Key Findings & Statistics
- In the United States, the total energy use for food production is estimated to fall in the range of ~10-17% of the total energy consumption.
- Using US carbon dioxide emissions from fossil fuel combustion of 5639.4 Tg/y, energy use in agriculture amounts to emissions of approximately 1.89 tons of CO2 per person per year.
- Combined agricultural 2006 emissions of methane and nitrous oxide were 618.9 Tg CO2-eq, or approximately 2.07 tons CO2-eq per person per year.
- Total food production related greenhouse gas (GHG) emissions are estimated to be at least 3.96 tons CO2-eq per person per year.
- The US total per capita net GHG emissions in 2006 were approximately 21.13 tons CO2-eq per person per year, with food production contributing ~19%.
- From 2000 to 2005, the average American ingested ~244.5 red meat kcal/day.

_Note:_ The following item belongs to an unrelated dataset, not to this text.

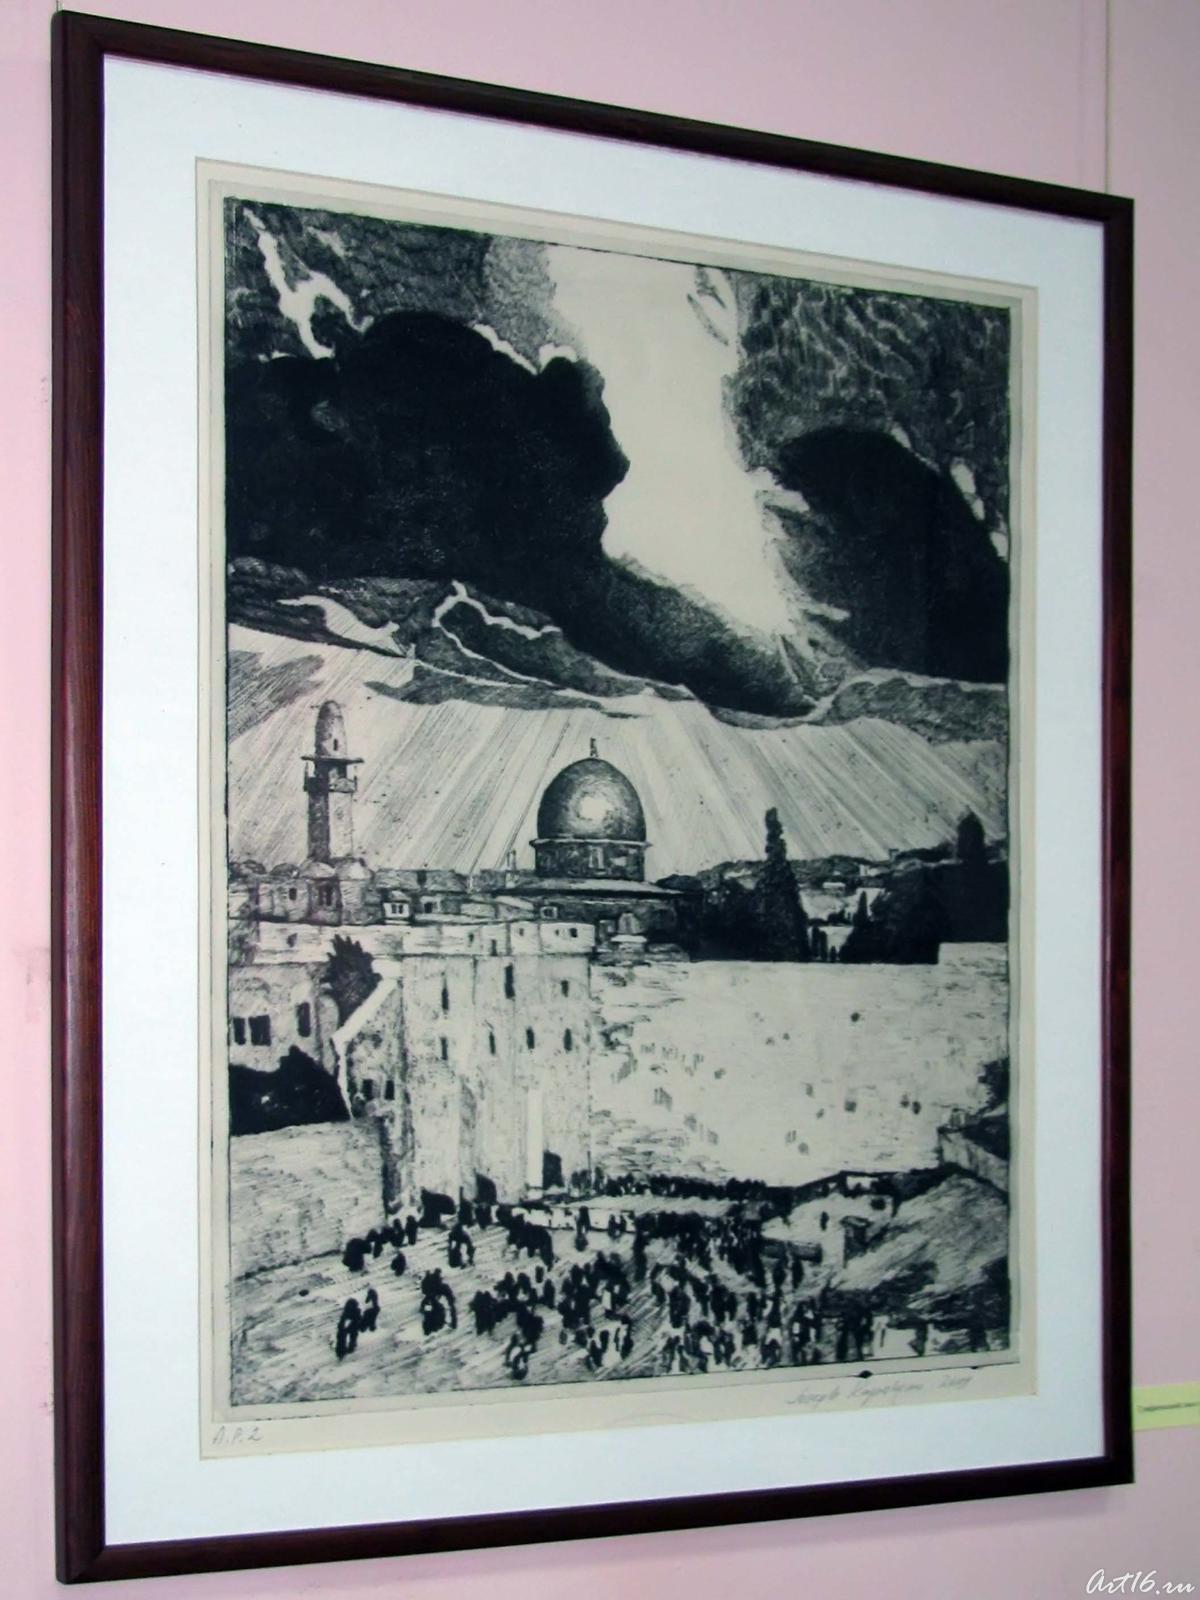 Фото №58192. Графический лист из серии "Старый Иерусалим" (1)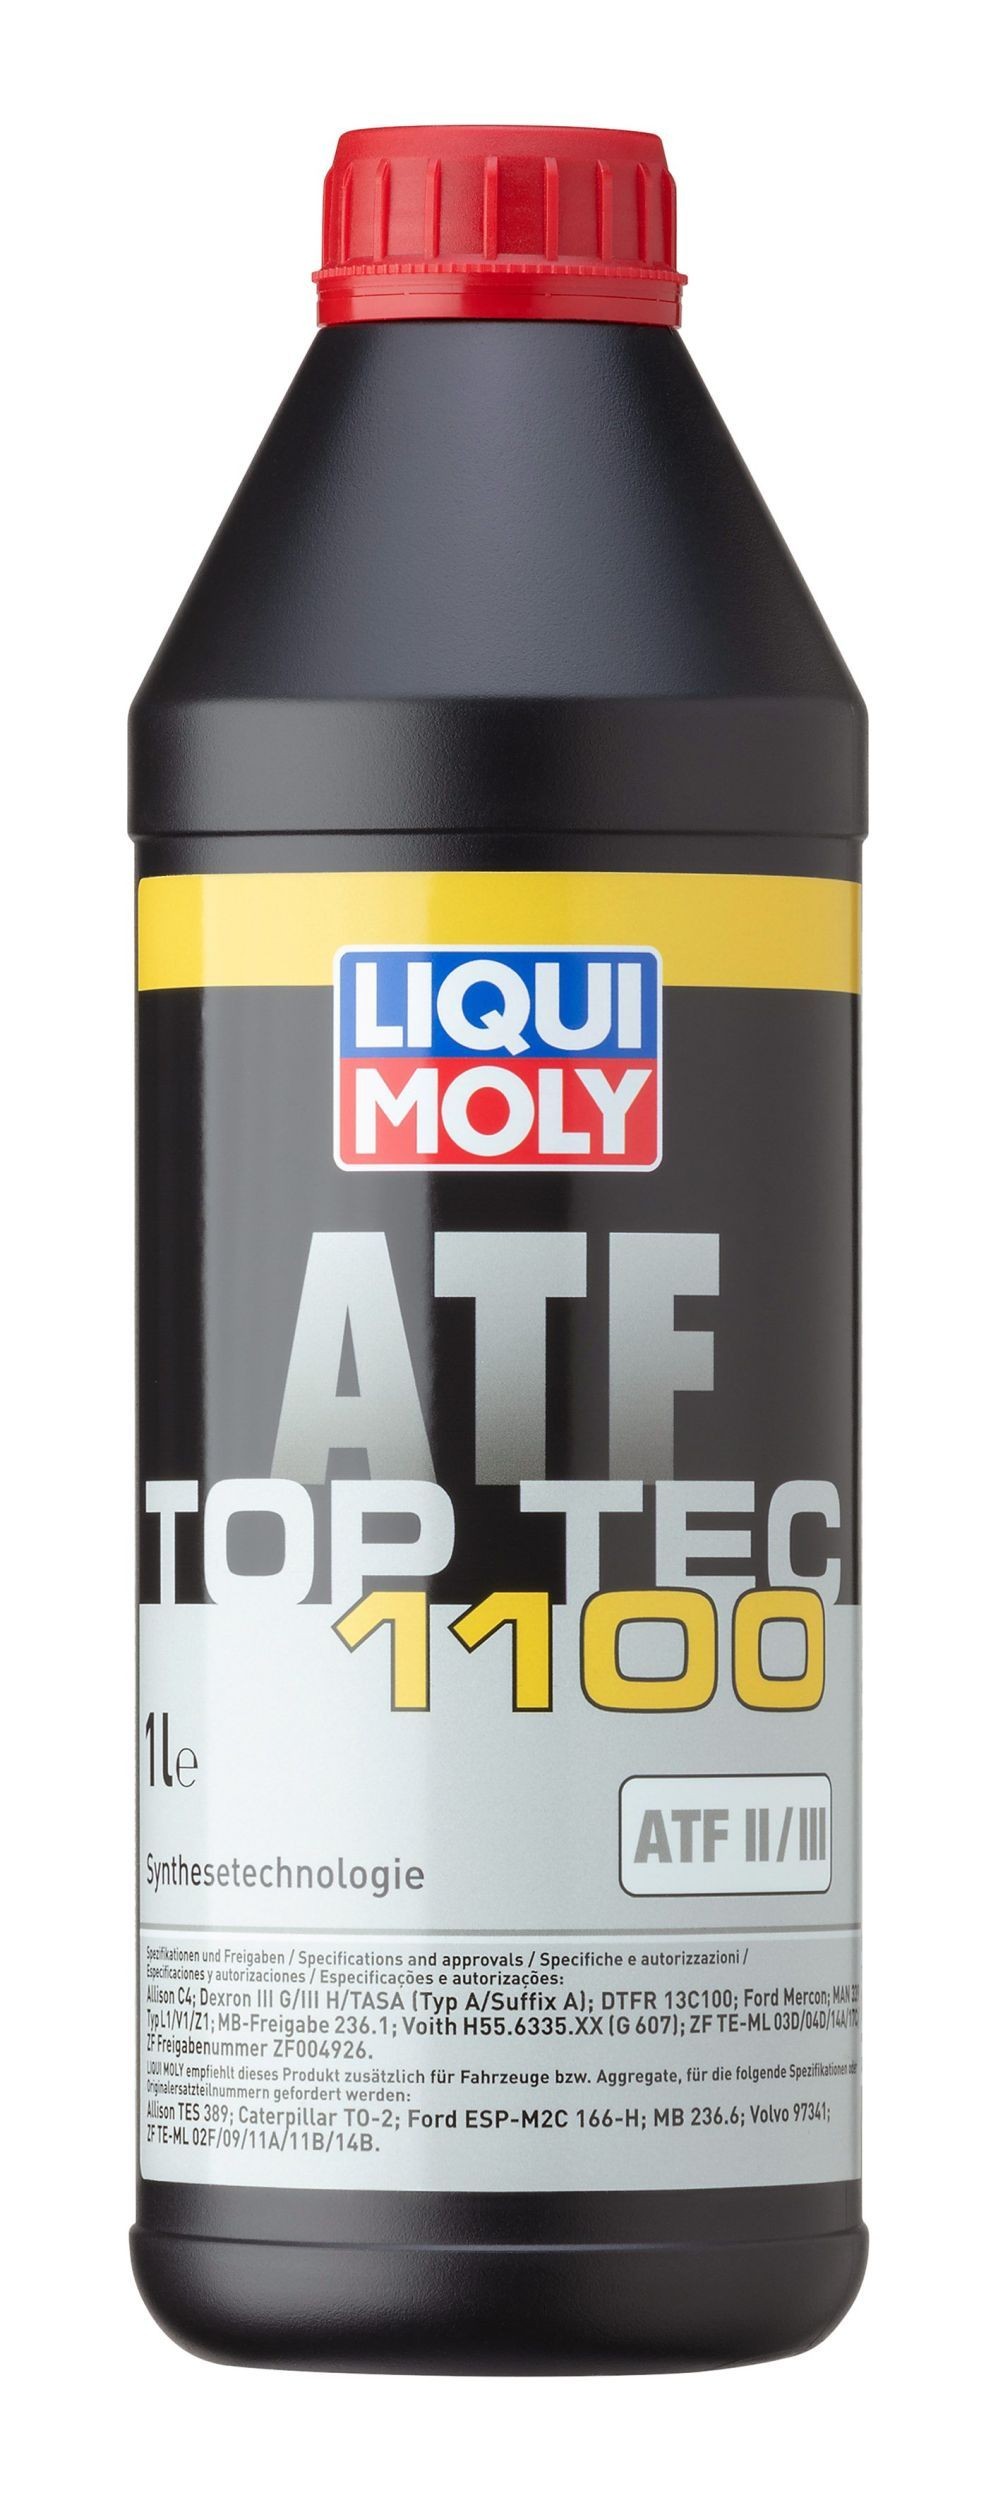 LIQUI MOLY Top Tec ATF, 1100 Automātiskās pārnesumkārbas eļļa 3651

- Given the substantial losses of meat along the distribution chain, this amounts to ~138,507.44 red meat kcal per person per year.
- The national red meat consumption entails consumption of ~1,489,327 fossil fuel kcal per person per year.
- Emissions from fossil fuel energy required to sustain the national red meat consumption amount to ~413.73 g CO2 per person per year.
- The total (energy-related carbon dioxide plus non-carbon dioxide) GHG emissions associated with producing the red meat portion of the national diet are 1254.47 kg CO2-eq per person per year.
- This annual per capita emission amounts to ~32% of the per capita dietary GHG footprint, and ~6% of the per capita overall GHG footprint.
- The land-use efficiency of the animal-based portion of the diet is approximately 551,761 kcal · acre⁻¹ · y⁻¹.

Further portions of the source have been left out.